Firmino Filho, ex-prefeito de Teresina

O ex-prefeito de Teresina , Firmino Filho , foi encontrado morto na tarde desta terça-feira (6) à frente da portaria de um prédio na zona Leste da capital piauiense. A polícia ainda investiga o caso, mas a assessoria de imprensa de Firmino diz que ele teria caído do edifício. A informação é do G1 Piauí.

A possibilidade de uma queda ainda foi confirmada pelos investigadores e a suspeita é que o ex-prefeito possa ter cometido suicídio. O corpo foi encontrado no prédio onde funciona o Tribunal de Contas da União (TCU), onde Firmino era servidor de carreira.

Firmino da Silveira Soares Filho tinha 57 anos, era economista, político filiado ao PSDB e professor da Universidade Federal do Piauí (UFPI).

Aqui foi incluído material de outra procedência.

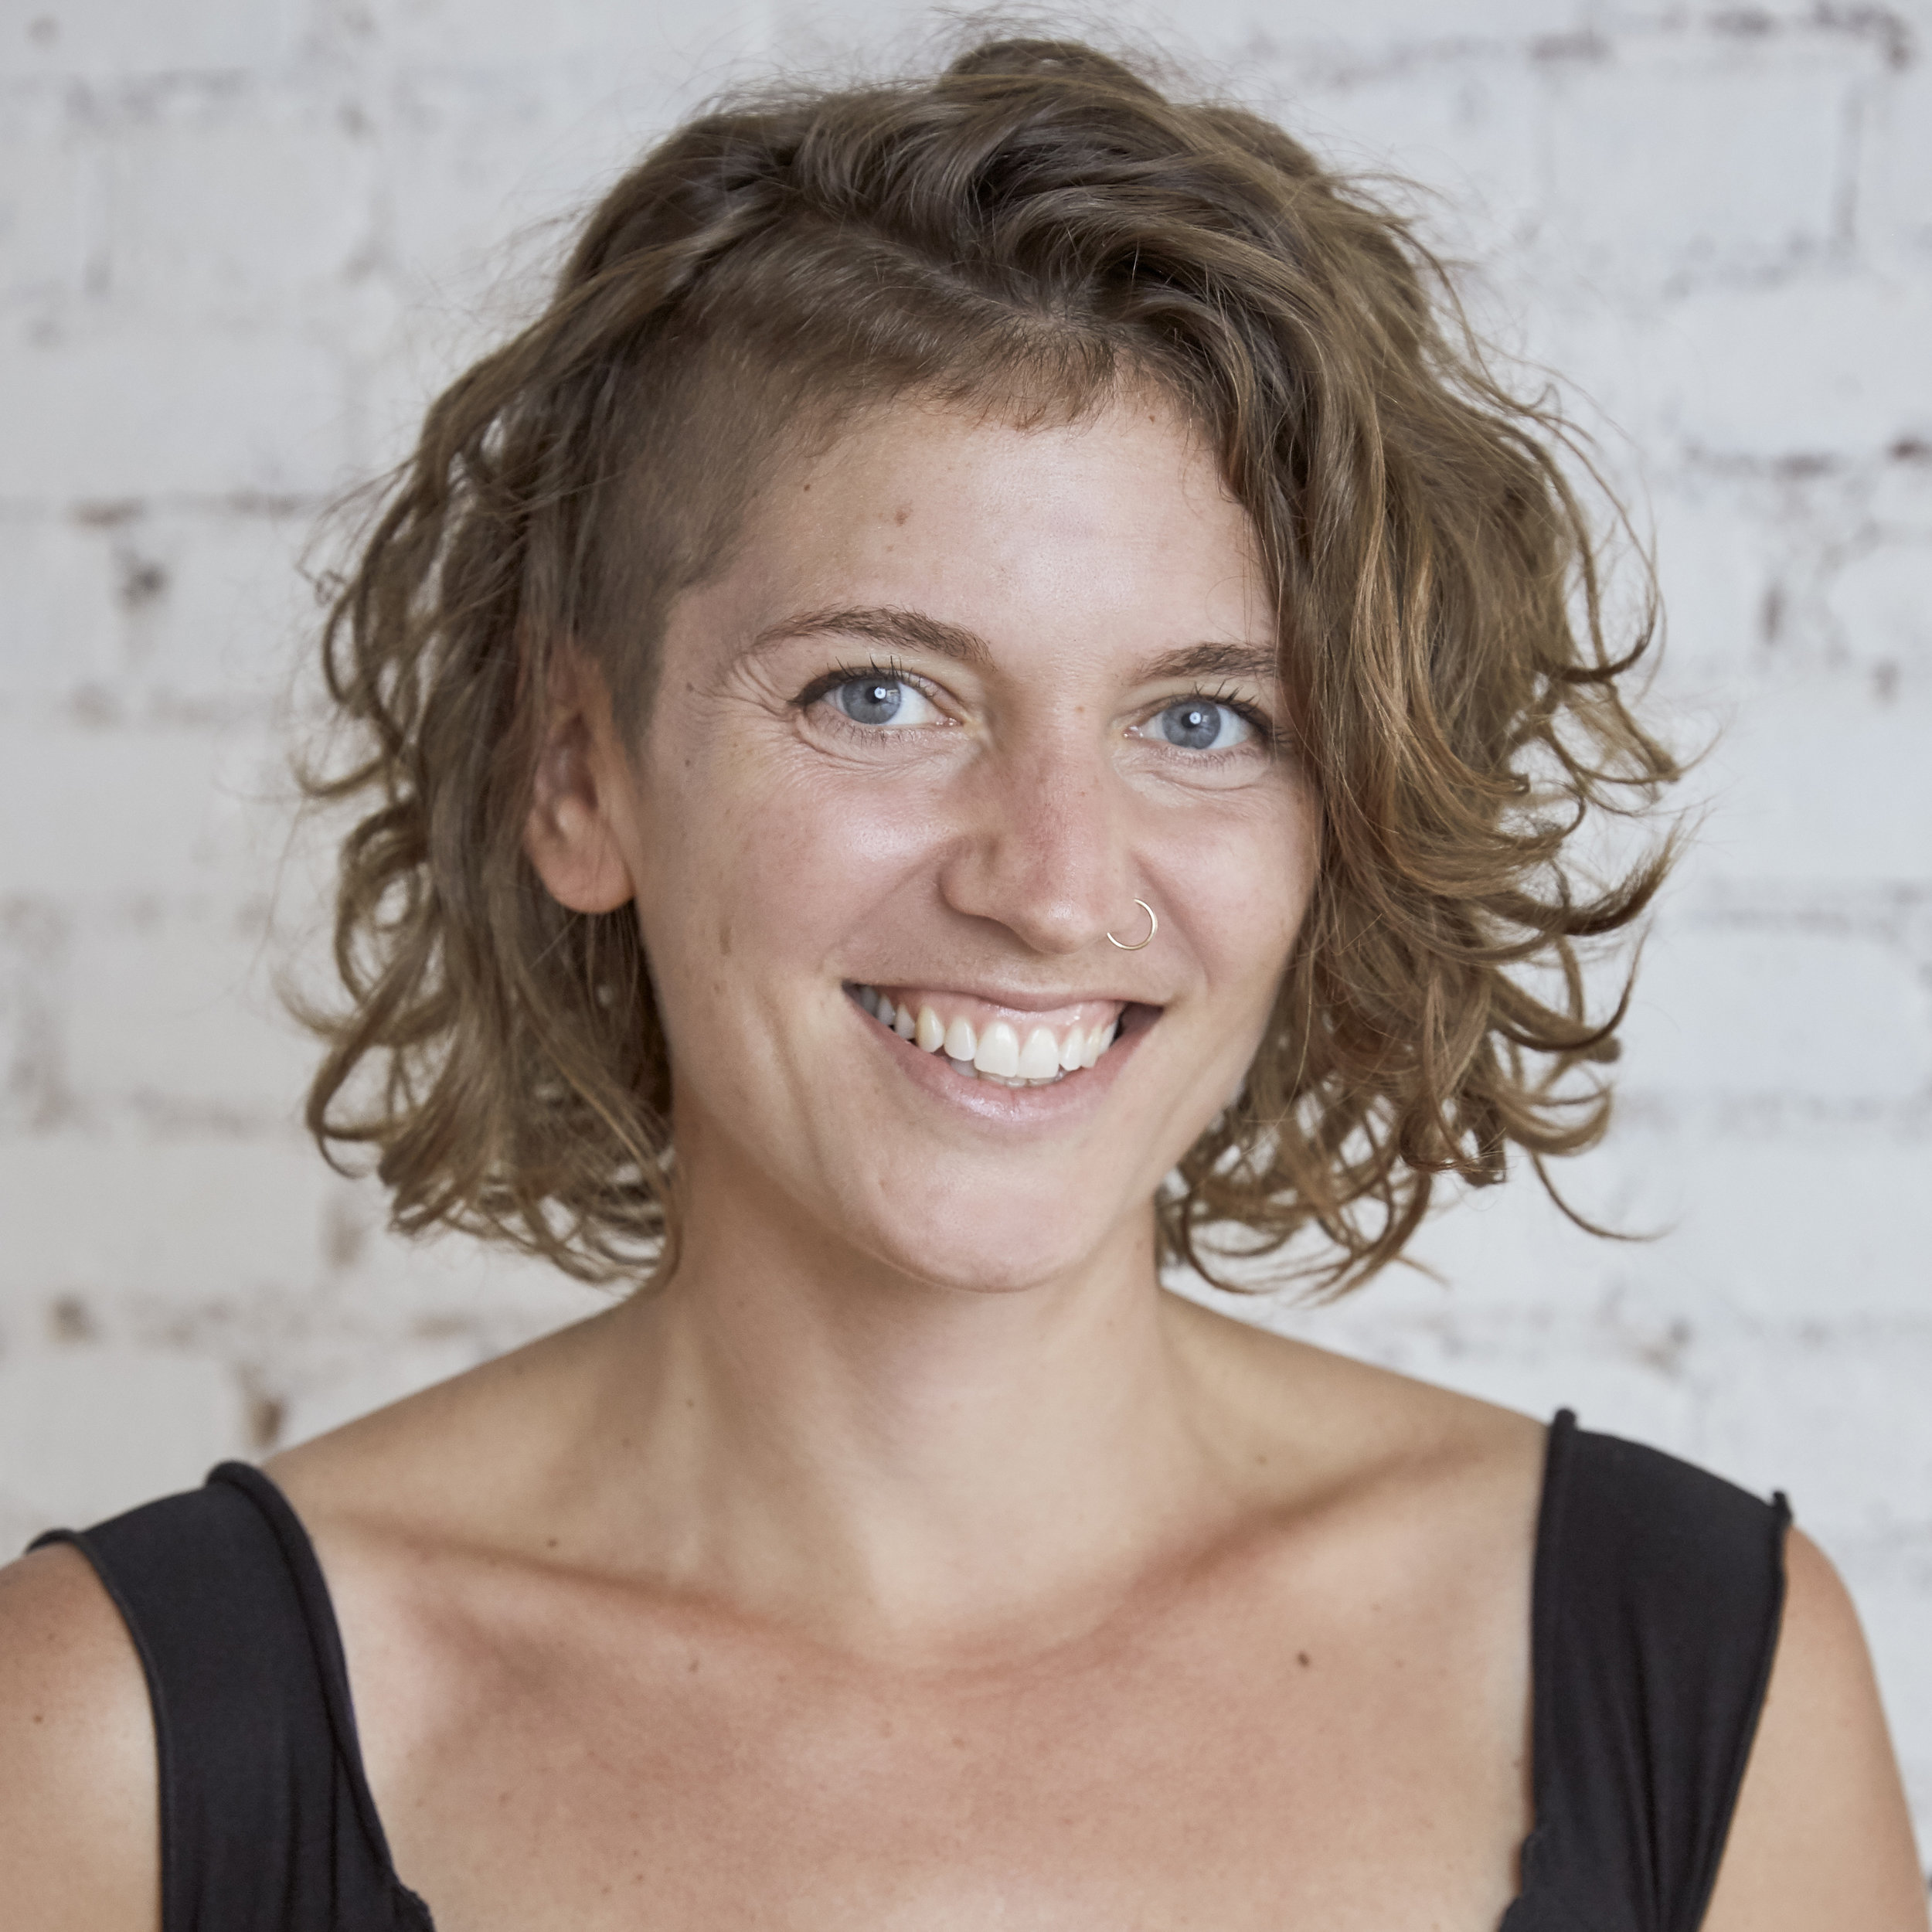 Zoe Rabinowitz

Ele foi quatro vezes prefeito de Teresina. Foi eleito, pela primeira vez em 1996, com 33 anos, reeleito em 2000 e voltou a vencer a disputa municipal em 2012 e reeleito novamente em 2016. Seu mandato terminou no ano passado.

O político também foi deputado estadual e vereador de Teresina. O presidente nacional do PSDB, Bruno Araújo, lamentou a morte de Firmino Filho. “Brilhante administrador”, declarou.

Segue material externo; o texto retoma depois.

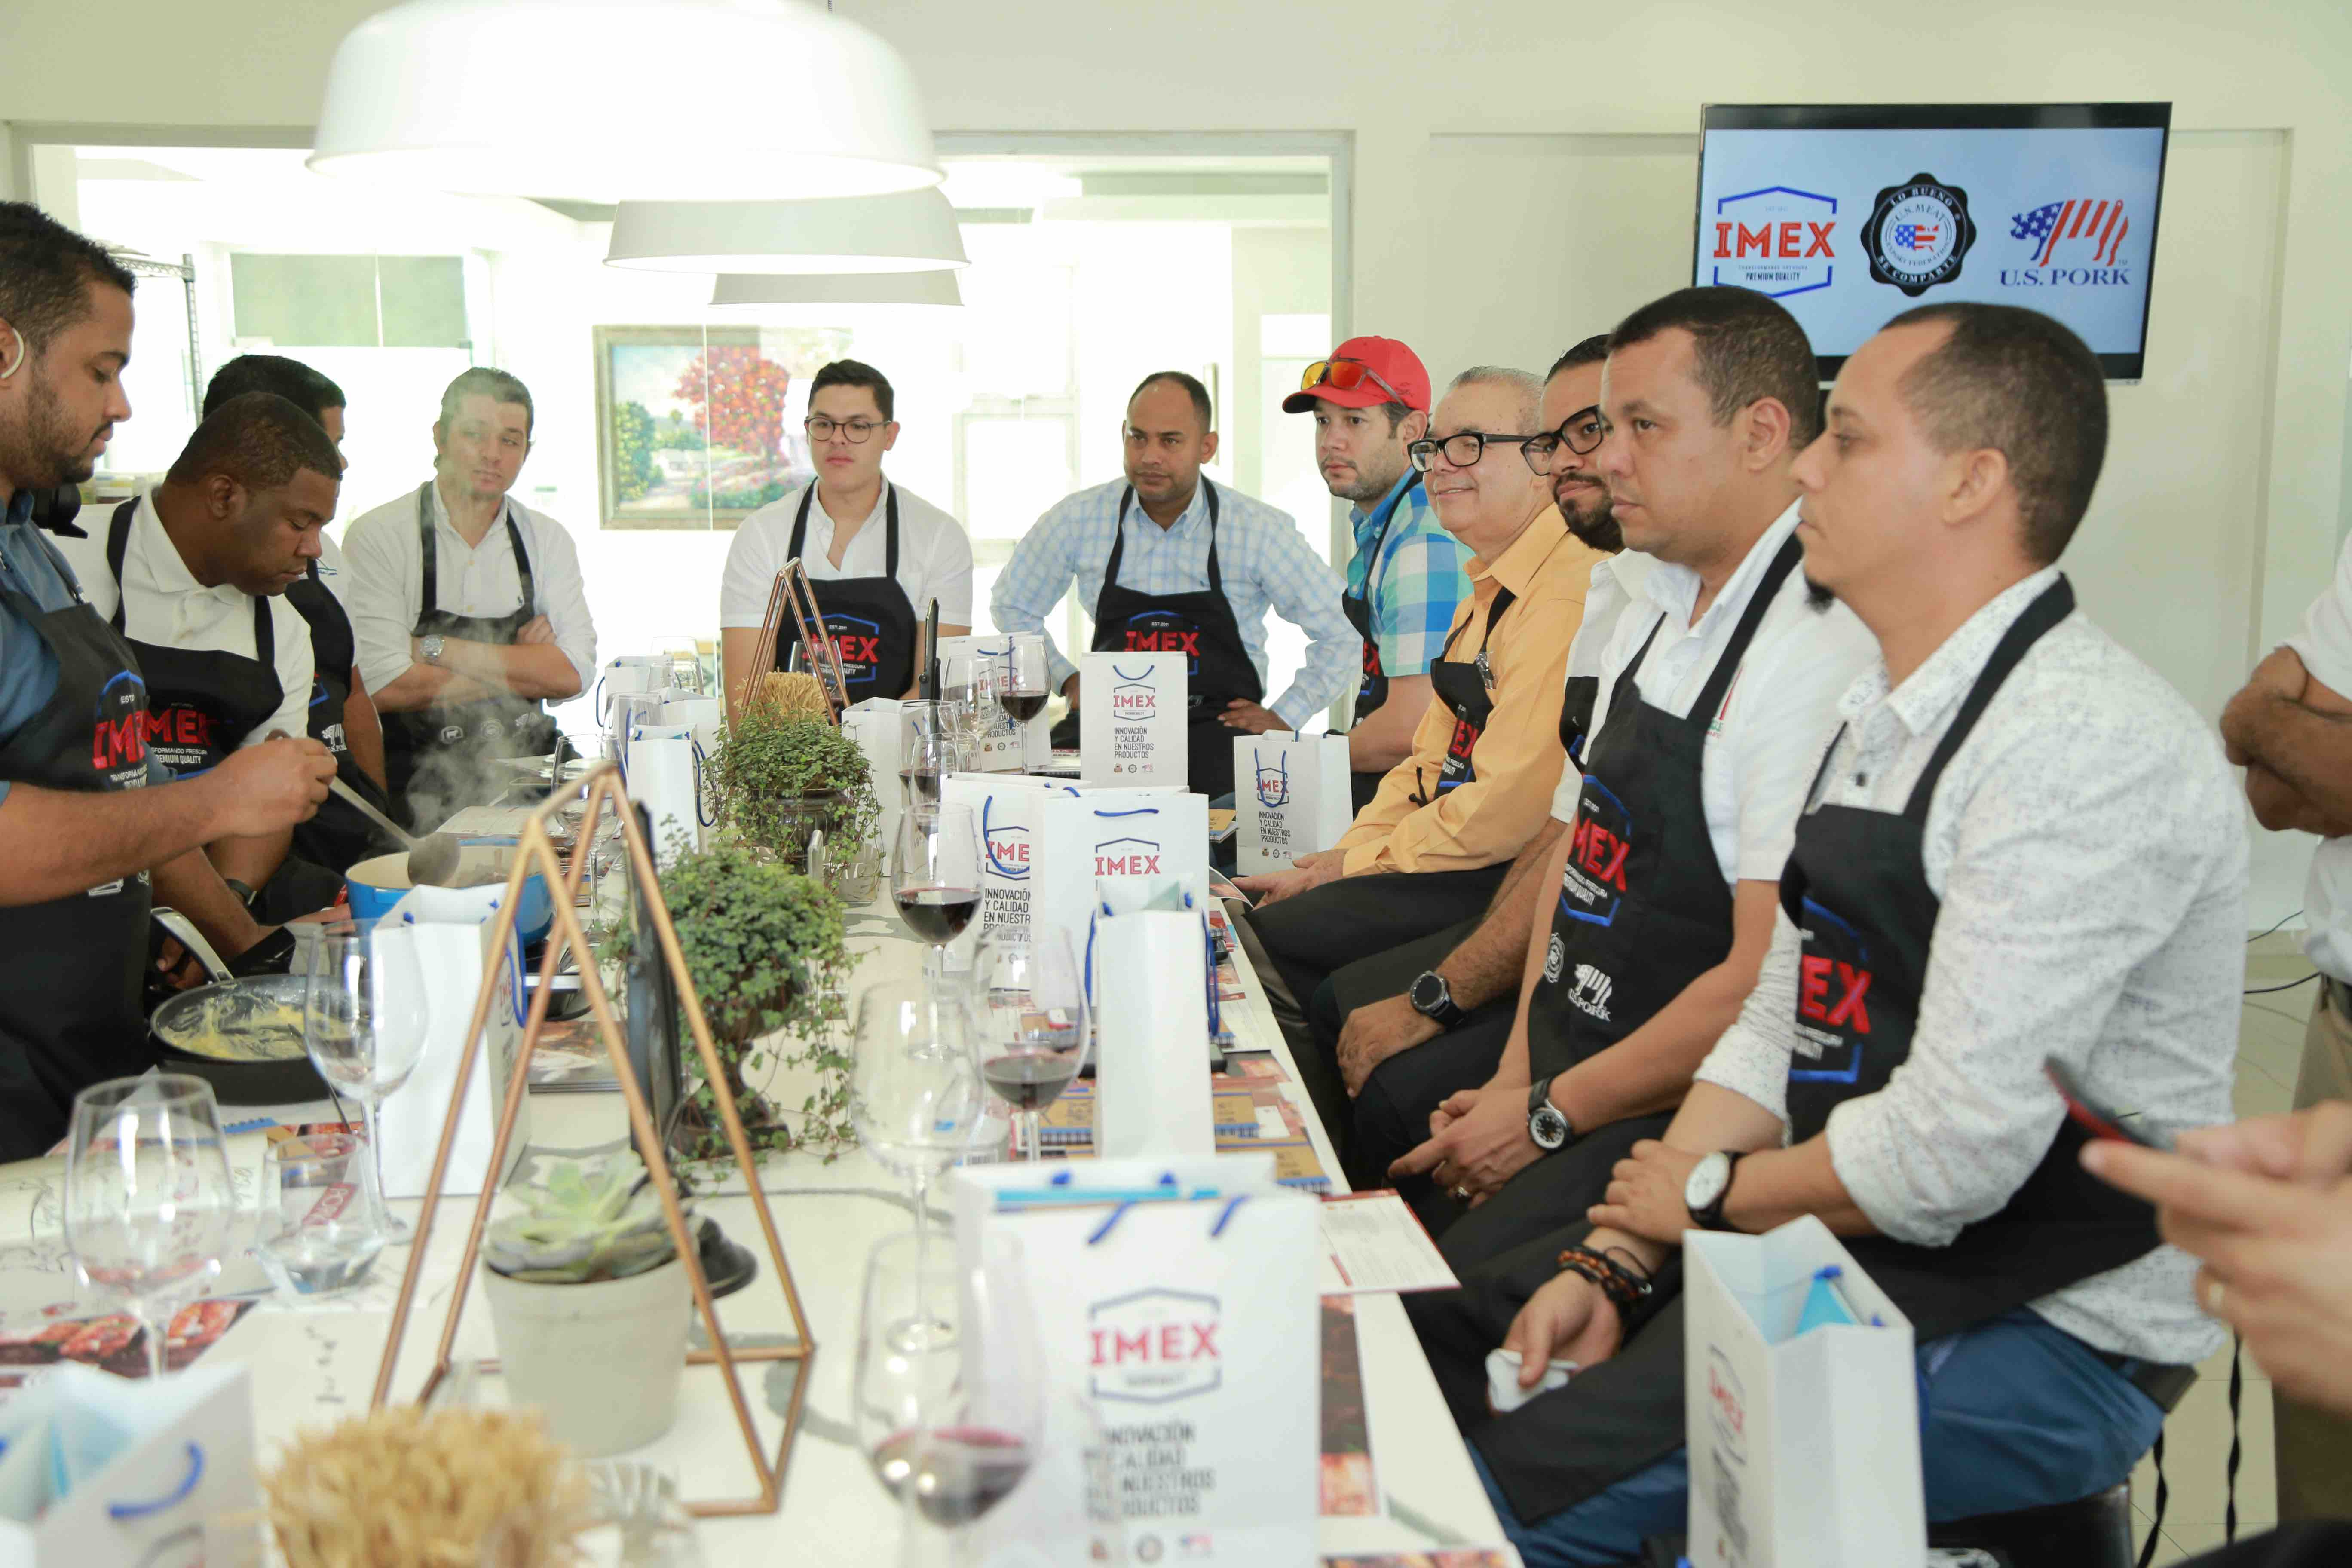 6. Invitados aprendiendo junto al chef Raymond

O governador de São Paulo, João Doria (PSDB), se manifestou sobre a morte de Firmino e prestou solidariedade à família. “Recebo com muito pesar a notícia da trágica morte do ex-prefeito de Teresina, Firmino Filho. Minha solidariedade à família e seus amigos”, escreveu o tucano em uma publicação no Twitter.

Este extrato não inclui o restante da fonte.